The use of the Dutch Oven instead of a baking dish wouldn't make any difference since - in either case, you're bringing the mixture to about 212-F before you put it in the oven.

Of course, there is always the "gotcha" that I don't know ... maybe you normally use fresh chicken and this time you used some that had been in the freezer to 2 years ... ???

Let's go back to square one ... did you notice any difference in the rice, or just in the chicken?


----------



## southerncook (Nov 4, 2004)

you know what, sometimes recipes just fuckup.


----------



## Weeks (Nov 5, 2004)

Heya GB, sorry it took so long to get back to you, but I couldn't find anything you'd done wrong EXCEPT what Micheal said in point #3 above.

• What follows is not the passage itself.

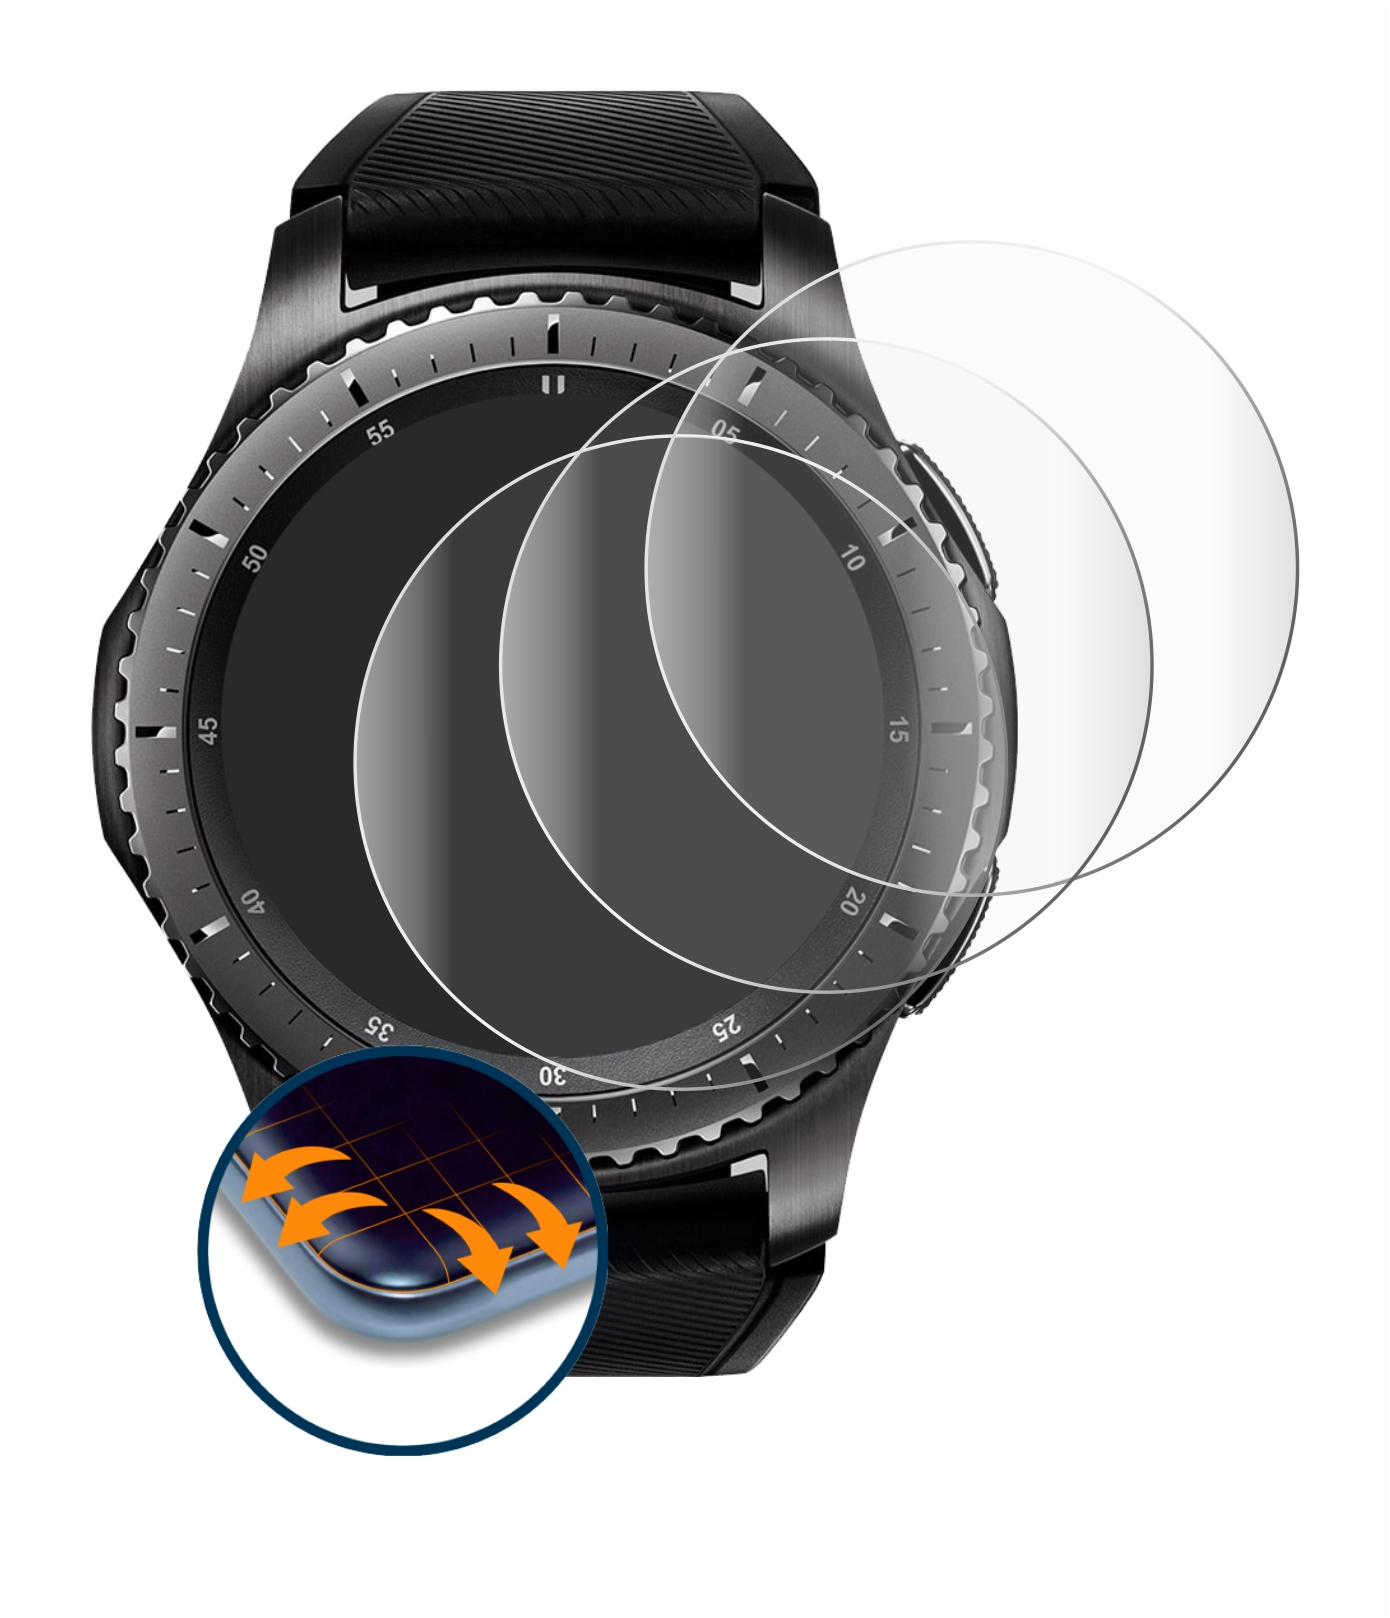 SAVVIES 4x S3 Frontier) Samsung Full-Cover Curved Gear 3D Flex Schutzfolie(für

I still don't think that would be enough to kill the moisture in the bird to that extent, though. I dunno, dude! Ask over at eGullet!


----------



## GB (Nov 5, 2004)

Thanks for all your responses everyone! I really appreciate everyones input. 

To answer a few questions that have come up, Other than the things I listed, I did not change my method in any other ways. The chicken was not frozen. It was the same brand I usually get. As a matter of fact I have made this dish before with brined chicken (minus the sugar in the brine) and it has come out very juicy. I even once did a test to see if we could tell the difference between brines and unbrined chicken. I made a double batch and used one brined breast and another non-brined. It was very obvious which chicken was which. My wife and I fought over the brined pieces and we were left with a pile of unbrined chicken at the end of dinner 

The stovetop part of the recipe just calls for cooking the chicken until it gets a little color. All the pieces were still pretty raw when it went into the oven. 

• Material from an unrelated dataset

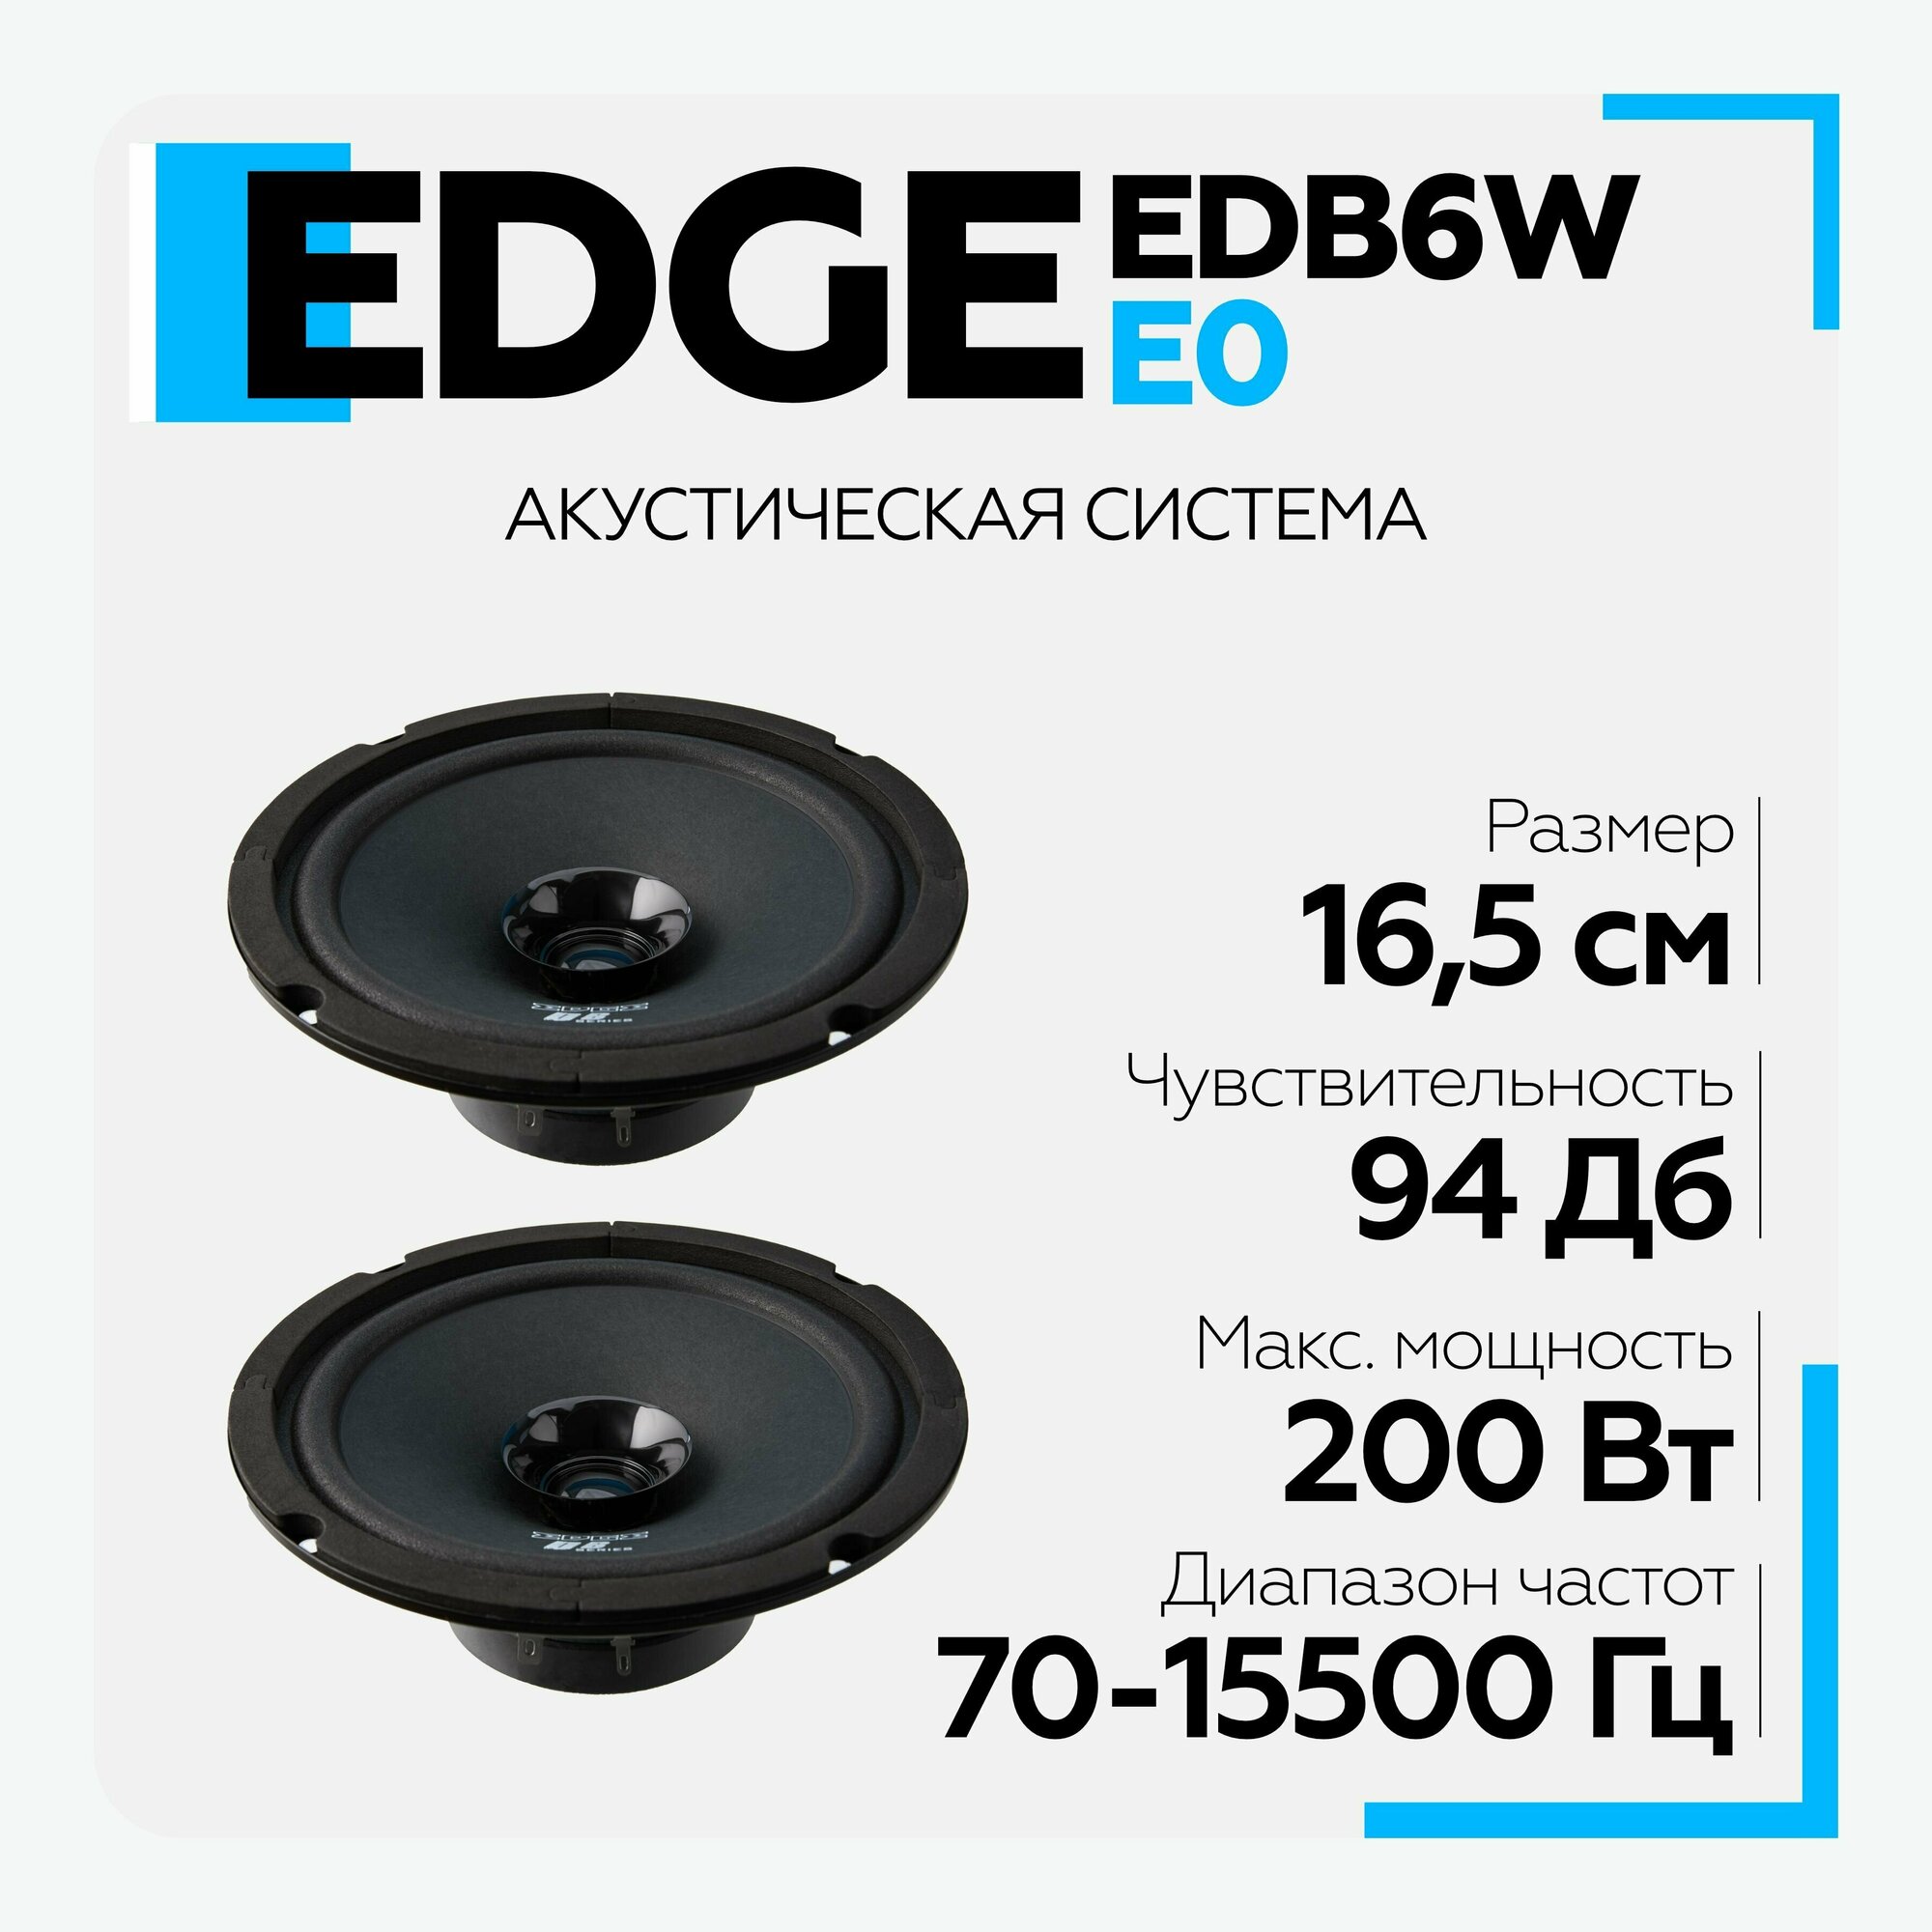 Акустическая система EDGE EDB6W-E0 Динамики широкополосная

Right now I am leaning toward what marmalady said about not transferring to a casserole, but even that I have some reservation about since the casserole is supposed to be preheated with the oven anyway. The pot I am using is a Les Creuset so it does hold the heat very well, and this is a new pot for me. I have never even cooked in a dutch oven before Last week so there is a little learning curve I am going through. I will try this recipe again and use two different vessels next time to see if that changes anything.

I have also almost never really used bacon fat as a fat to cook in before so I am curious if that affected it as well. Lifter, you mentioned this might be the case. Why would the bacon fat (and I did add some olive oil as well) possibly cause this in your opinion? I am very curious about this point. 

If I had not made this recipe before then I would guess that Michael's point #3 would seem to make a lot of sense, but since I have made it before with brined chicken, I am not so sure.

Thanks everyone. This has certainly been a great learning experience for me and if anyone has any other ideas I would love to hear them!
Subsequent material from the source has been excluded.